Saved entries -
--- START ---

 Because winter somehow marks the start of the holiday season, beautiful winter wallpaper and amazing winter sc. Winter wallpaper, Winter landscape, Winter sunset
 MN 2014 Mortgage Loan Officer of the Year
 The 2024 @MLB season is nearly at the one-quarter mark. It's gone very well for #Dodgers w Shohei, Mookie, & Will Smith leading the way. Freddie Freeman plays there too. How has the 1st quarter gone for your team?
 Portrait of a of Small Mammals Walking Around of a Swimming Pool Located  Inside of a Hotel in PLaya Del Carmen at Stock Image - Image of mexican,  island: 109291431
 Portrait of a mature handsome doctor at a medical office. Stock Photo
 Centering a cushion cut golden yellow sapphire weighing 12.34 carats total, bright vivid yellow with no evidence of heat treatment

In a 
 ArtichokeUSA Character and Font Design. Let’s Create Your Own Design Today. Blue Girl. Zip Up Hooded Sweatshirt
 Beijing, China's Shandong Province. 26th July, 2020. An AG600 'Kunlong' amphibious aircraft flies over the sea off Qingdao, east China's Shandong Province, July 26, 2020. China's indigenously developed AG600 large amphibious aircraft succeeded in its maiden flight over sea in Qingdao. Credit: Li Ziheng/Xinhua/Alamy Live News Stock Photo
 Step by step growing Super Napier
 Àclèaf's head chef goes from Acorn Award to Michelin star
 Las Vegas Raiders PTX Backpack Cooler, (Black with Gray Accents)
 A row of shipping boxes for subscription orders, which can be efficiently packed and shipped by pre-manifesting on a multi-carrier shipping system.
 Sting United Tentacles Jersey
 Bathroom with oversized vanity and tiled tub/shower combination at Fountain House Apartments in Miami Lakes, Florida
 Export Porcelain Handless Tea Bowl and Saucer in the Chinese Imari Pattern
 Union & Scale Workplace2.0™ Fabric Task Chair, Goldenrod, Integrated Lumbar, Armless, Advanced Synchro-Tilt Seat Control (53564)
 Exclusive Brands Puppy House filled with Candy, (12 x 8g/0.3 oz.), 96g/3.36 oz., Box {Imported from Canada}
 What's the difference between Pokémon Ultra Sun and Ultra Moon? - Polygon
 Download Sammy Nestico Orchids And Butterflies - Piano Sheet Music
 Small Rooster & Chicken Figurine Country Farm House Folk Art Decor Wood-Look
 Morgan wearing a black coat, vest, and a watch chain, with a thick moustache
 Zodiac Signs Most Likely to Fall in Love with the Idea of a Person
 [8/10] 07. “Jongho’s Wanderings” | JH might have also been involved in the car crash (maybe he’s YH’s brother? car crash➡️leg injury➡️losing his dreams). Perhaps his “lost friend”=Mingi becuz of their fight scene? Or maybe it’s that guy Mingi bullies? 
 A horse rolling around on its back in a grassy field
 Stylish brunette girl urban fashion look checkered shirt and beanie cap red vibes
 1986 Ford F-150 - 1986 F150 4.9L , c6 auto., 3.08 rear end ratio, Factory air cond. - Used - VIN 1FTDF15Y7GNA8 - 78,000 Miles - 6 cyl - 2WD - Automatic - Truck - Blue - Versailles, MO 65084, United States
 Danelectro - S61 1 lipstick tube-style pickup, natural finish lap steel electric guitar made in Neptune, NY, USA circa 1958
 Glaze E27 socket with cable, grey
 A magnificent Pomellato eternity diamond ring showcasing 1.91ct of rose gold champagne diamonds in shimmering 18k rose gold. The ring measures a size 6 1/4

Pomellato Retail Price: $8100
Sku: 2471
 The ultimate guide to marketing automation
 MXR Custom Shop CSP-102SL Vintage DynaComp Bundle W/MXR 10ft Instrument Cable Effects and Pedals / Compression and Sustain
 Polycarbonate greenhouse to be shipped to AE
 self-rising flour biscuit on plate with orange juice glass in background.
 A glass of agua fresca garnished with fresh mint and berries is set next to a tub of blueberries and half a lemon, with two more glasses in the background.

--- END ---

WORK ITEM - Looking at the data above, write out exactly the lines that start at the one containing "MXR Custom Shop" and end at the one containing "self-rising flour biscuit"; include both and nothing beyond.

SOLVED EXERCISE -
 MXR Custom Shop CSP-102SL Vintage DynaComp Bundle W/MXR 10ft Instrument Cable Effects and Pedals / Compression and Sustain
 Polycarbonate greenhouse to be shipped to AE
 self-rising flour biscuit on plate with orange juice glass in background.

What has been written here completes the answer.